Disney Saved The Best Kid Movie Of The 80s Stream It For The First Time Ever


By Jonathan Klotz
| Published

Nearly 40 years after it debuted, The Brave Little Toaster is available to stream on Disney+. For generations, the animated classic was lost media. The last time it was released for home media was in 2003, with a bare-bones DVD release, but before you congratulate Disney on restoring a lost classic, you should know, it’s their fault that it was locked away for decades. In 1987, most kids first came across the film on Disney VHS or on the Disney channel, but it’s not actually a Disney movie. Well it is, but…it gets complicated.

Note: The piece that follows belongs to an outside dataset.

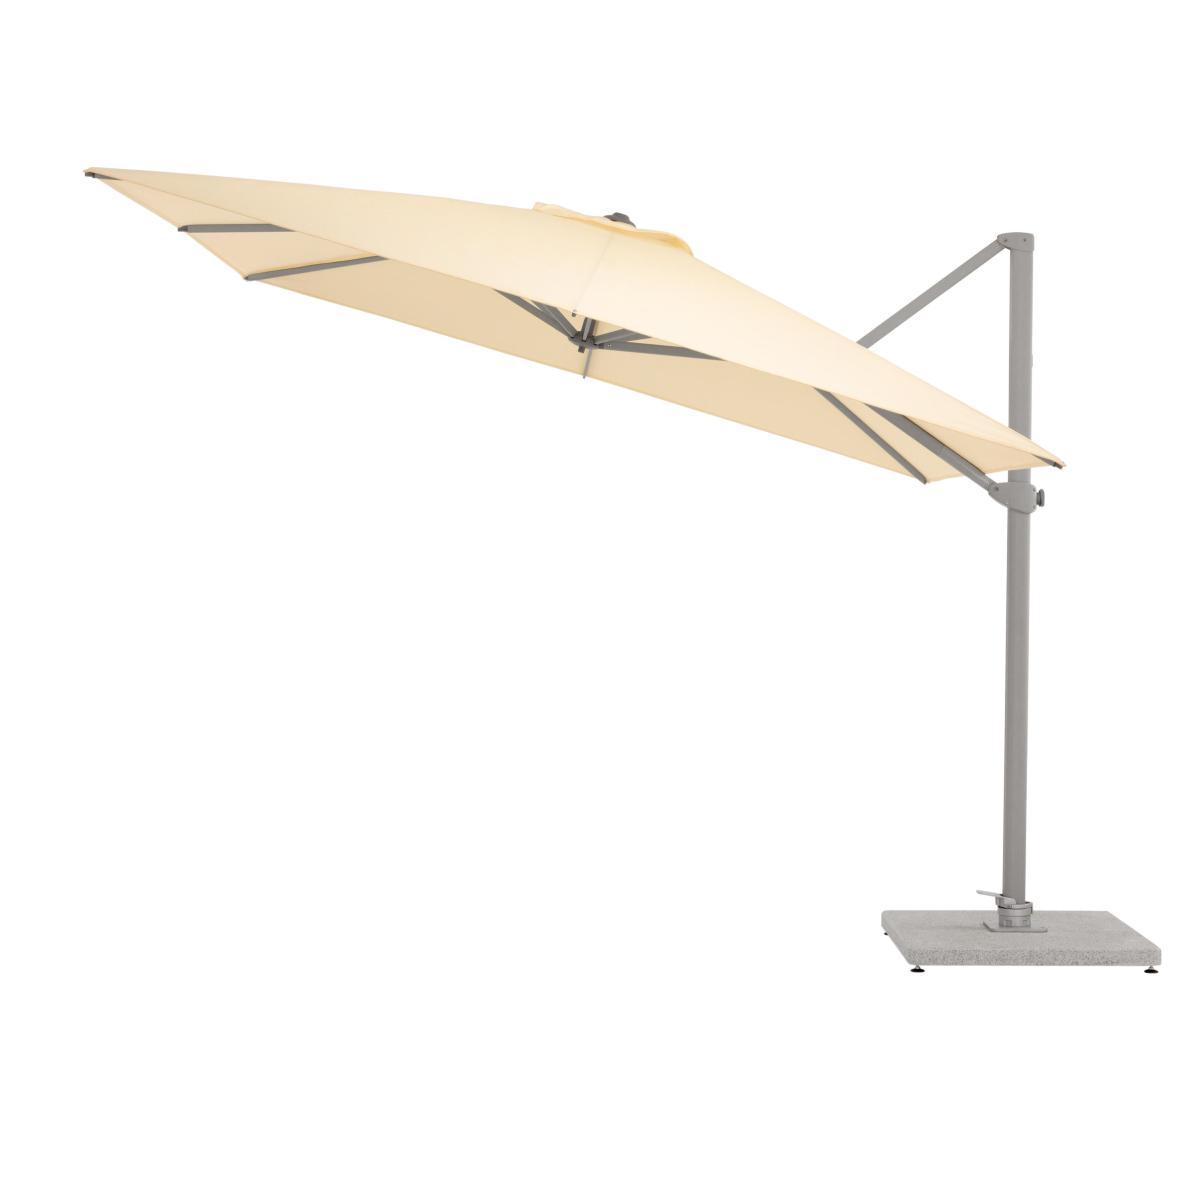 Freiarmschirm Sonnenschirm auch kippbar

Millennials Can Rejoice: The Brave Little Toaster Is On Streaming

The Brave Little Toaster follows a group of appliances, a toaster, a blanket, a radio, a lamp, and a vacuum cleaner, as they leave a summer cabin to find their young master, Rob, who hasn’t come by in years. Going through forests, down a waterfall, and since it was the 80s, into swampy quicksand, they risk life, limb, and low battery to reach their master. What they don’t know is that it’s been so long that the now college-bound Rob and his girlfriend are trying to find them.

If it had been made 10 years later, The Brave Little Toaster wouldn’t be as traumatic a story as it is. Other appliances come across as deranged, starting with the air conditioner, voiced by Phil Hartman, that sets itself on fire, and culminating with a repair shop of old, busted appliances. A literal nightmare sequence of the Toaster includes insane clown firefighters and a giant tub of water. Not even the catchy musical numbers can fully offset the deranged nightmare visuals. Even then, it’s a favorite of Millennials for a reason, and you will have to wipe off a tear at the ending.

Disney Kept The Toaster In The Vault For Decades

Which raises the question, if The Brave Little Toaster is such a great, beloved film, why has Disney kept it trapped in the vault for decades? John Lasseter, the man who helped create Toy Storywanted to turn the film into the first fully 3D CGI animated feature, over a decade before Buzz and Woody. The pitch was received so well by Disney executives that they fired Lasseter.

That gave an opening for two Disney employees, Tom Wilhite and Willard Carroll, to take over the film at their new company, Hyperion Pictures. Disney owned the rights to the film, and co-financed it alongside CBS and TDK (an electronics company), with a total budget of only $5.6 million, which was very, very low for a full animated feature.

Traumatize A New Generation

Disney had the home video and television rights, which is why they purposely moved the Disney Channel debut of the Brave Little Toaster to before its opening weekend in theaters. You think the movie release window is small now in the age of streaming, this was simply unheard of. If Disney wasn’t going to see any money from theaters, it wasn’t going to let anyone get money from a wide release.

On May 26, 2026, Disney finally released The Brave Little Toaster onto Disney+, and immediately, it landed in the top ten on the service. Those who were raised on Toaster and friends can now share the adventure with their own kids, or, and this is truly painful to type, grandkids. It’s one of the best animated films of the 80s and once you see it, you’ll know exactly where John Lasseter got the idea for Toy Story.

The Brave Little Toaster is finally streaming on Disney+.

The sequels have been streaming for years, but we don’t talk about those.